Anne and Jimmy came into her room about an hour later. They were cleaned and in pajamas. They sat on the edge of her bed. At least Anne did. Jimmy sort of leaned, and slouched over Judith’s feet.
“Sorry about the mess,” he said. “It’s all fixed now.”
“We had some friends over. For pizza and that, you know. Janet and Marci and Hugh…”

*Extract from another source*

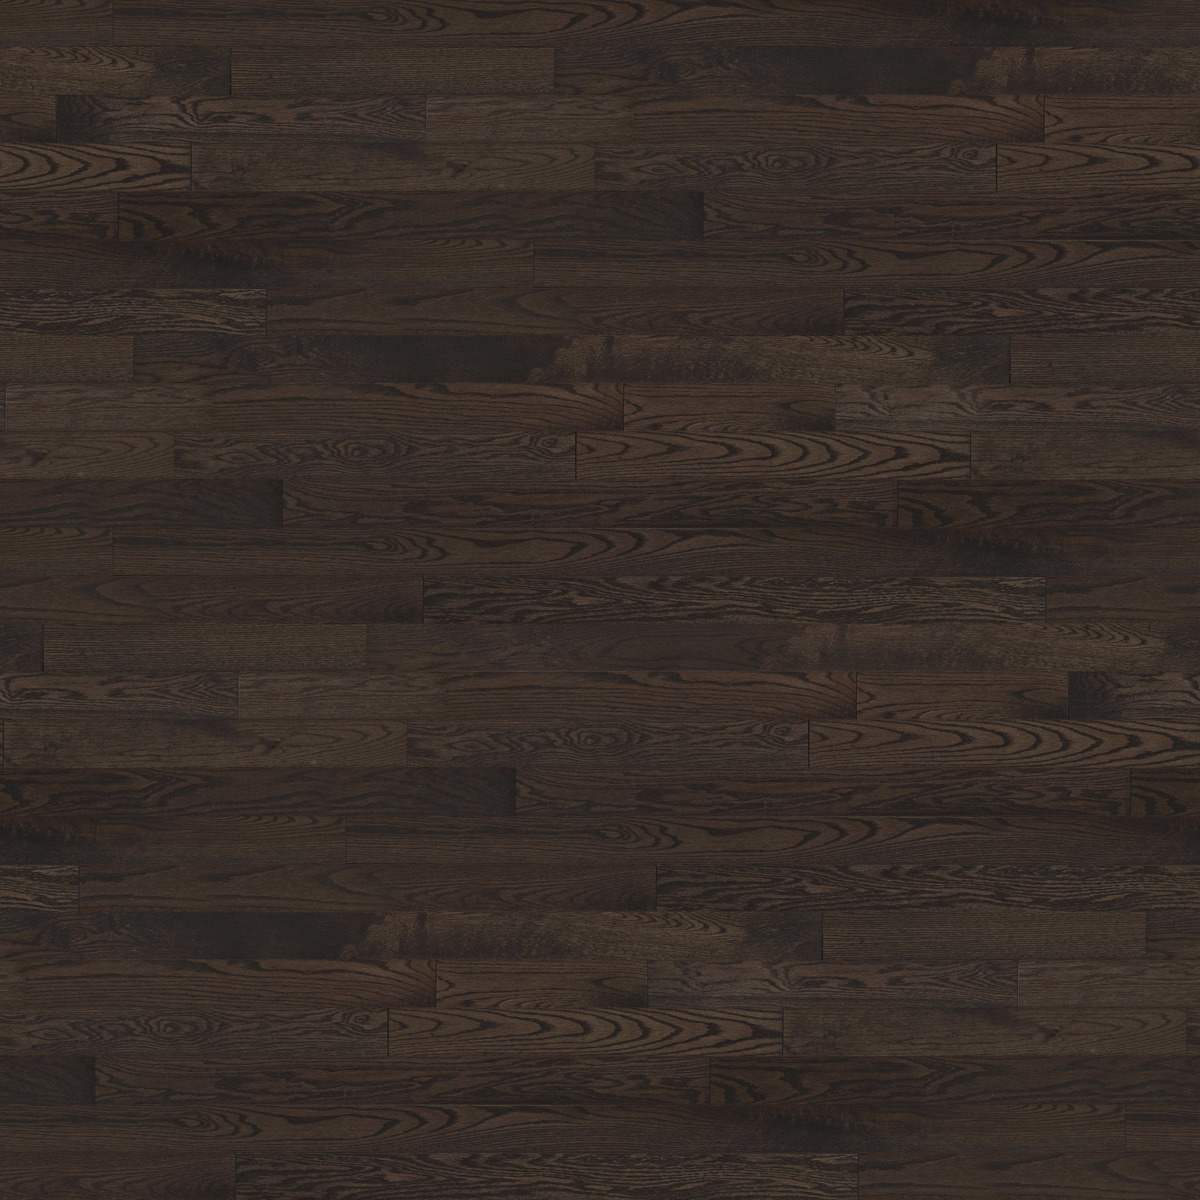 Jasper Red Oak Hardwood Flooring 2 1 4, Signature Hardwood Floors

“And Jimmy called the kid with the frizzies…”
“Jack.”
“Yeah, and Jessie who’s two feet taller than him. You should’ve seen them dance. Yech. A riot! He was sneaking around her armpits!”
“You should’ve seen Hugh. Has a face like a pin cushion, more zits than skin. Hey, Anne, you oughta tell him about that new stuff you’ve got in the bathroom for yours…”
“Shut up. We had a fight over the records so it all broke up about 11:00 and we weren’t talking by then so nobody cleaned up the mess.”
There had been better explanations, but this would do. Later she would raise the question of who was drinking the beer.
“How did it go in New York?” Jimmy asked.
Judith told them of the places she’d been, and unveiled Simon. Anne fitted in the batteries and they all had a try at following it through once. Nobody made it.
Anne bent over her mother and kissed her lightly on the forehead.
“We missed you,” she said. Jimmy jiggled out the door looking busy all over, which meant that he was feeling emotional. Judith was glad she had foregone the lecture.
***
Judith was still asleep when the phone rang at nine on Monday morning, the sound so rude, sharp and persistent she almost succeeded in overcoming the Pavlovian reach for the receiver. When she heard David Parr’s voice she was glad she had not defeated her reflex.
“Did I wake you?” Parr asked, recognizing the fuzziness of her hello.
“What do you think? It’s only…” searching for the numbers on her watch, eyes still half-closed.
“Almost mid-morning,” Parr said in his professorial tone. “I’ve been at my desk for over two hours and before that I was over at Union Station checking out an assault with a deadly weapon.”
“Good to know you’re on your toes protecting us unsuspecting slumbering innocents.”
“Would you rather I called back?”
“No. Really. I have a lot to tell you.” The sleep was slowly wearing off and his voice was warming, starting from somewhere near her stomach and spreading over her thighs.
A pause. “Well? What?”
Damn. “I’d rather not on the phone.”
“Why not?”
“It’s too public. Phones…”
He laughed so hard she had to wrench the receiver from her ear. When he stopped spluttering, he said: “You figure someone would actually waste a thousand dollars to put a bug on your phone?”